Personal information
- Full name: Alfred George Kinvig
- Born: 16 March 1874 Dunedin, Otago, New Zealand
- Died: 15 February 1965 (aged 90) Christchurch, Canterbury, New Zealand
- Batting: Left-handed

Domestic team information
- 1893/94–1898/99: Otago
- 1901/02–1903/04: Canterbury
- Source: ESPNcricinfo, 15 May 2016

= Alfred Kinvig =

New Zealand cricketer

Alfred George Kinvig (16 March 1874 - 15 February 1965) was a New Zealand cricketer and bowler. He played first-class cricket for Otago between 1893–94 and 1898–99 and for Canterbury between the 1901–02 and 1903–04 seasons, and won national recognition as a bowler.

Kinvig was born at Dunedin in 1874 and in 1893 was a founder member of Dunedin Cricket Club. Described as "a particularly accomplished cricketer" who played as an all-rounder, Kinvig made his first-class debut for Otago in February 1894, playing against Hawke's Bay in a match at Carisbrook, and played in a total of seven first-class matches for the representative team. He also played in a non-first-class match against the touring Australian side in November 1896.

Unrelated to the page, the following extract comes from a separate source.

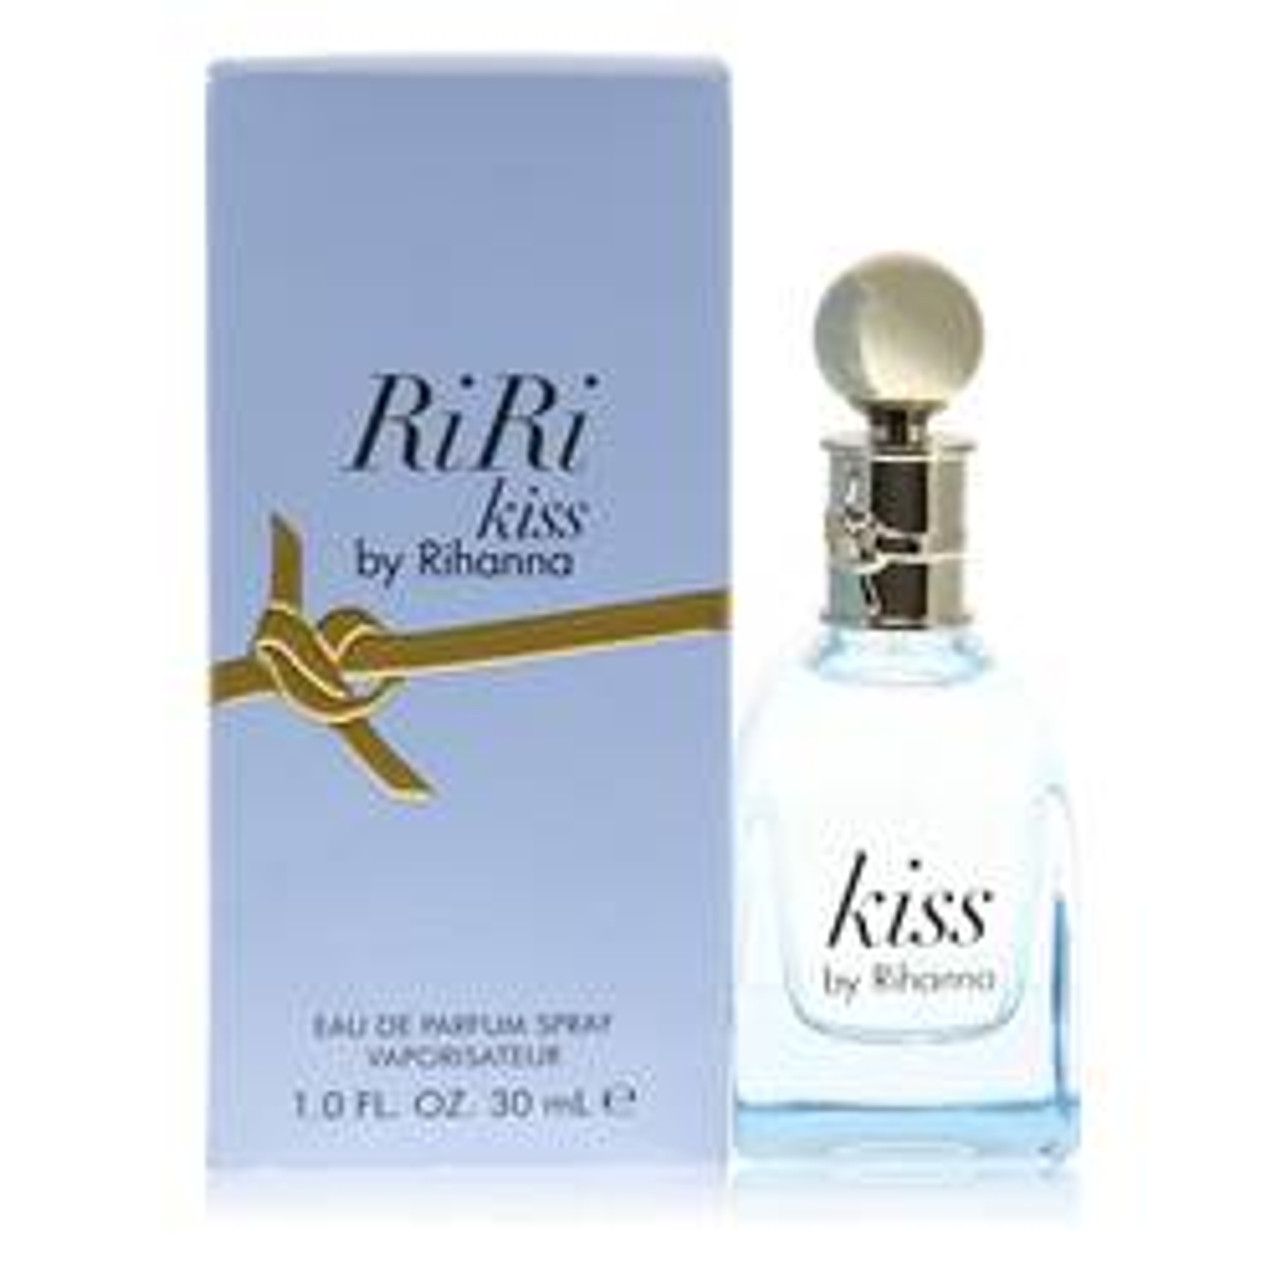 Rihanna Kiss Perfume By Rihanna Eau De Parfum Spray 1 oz for Women - [From 50.33 - Choose pk Qty ] - *Ships from Miami

After moving to Christchurch, he played another three first-class matches for Canterbury, one in each season from 1901–02 to 1903–04, and played club cricket for the Sydenham-Addington club. He began playing lawn bowls in 1916, gaining a reputation as an excellent bowler throughout New Zealand. He was described as "outstanding" and won the national pairs championship in 1929 and was the sixth player to be awarded a gold star at the Christchurch Bowls Centre. He played frequently in a pair with Henry Wilson, a former All Black who had played first-class cricket for Hawke's Bay.

Kinvig worked as a clerk. He and his wife, Emma, had four children. He died at Christchurch in 1965 aged 90.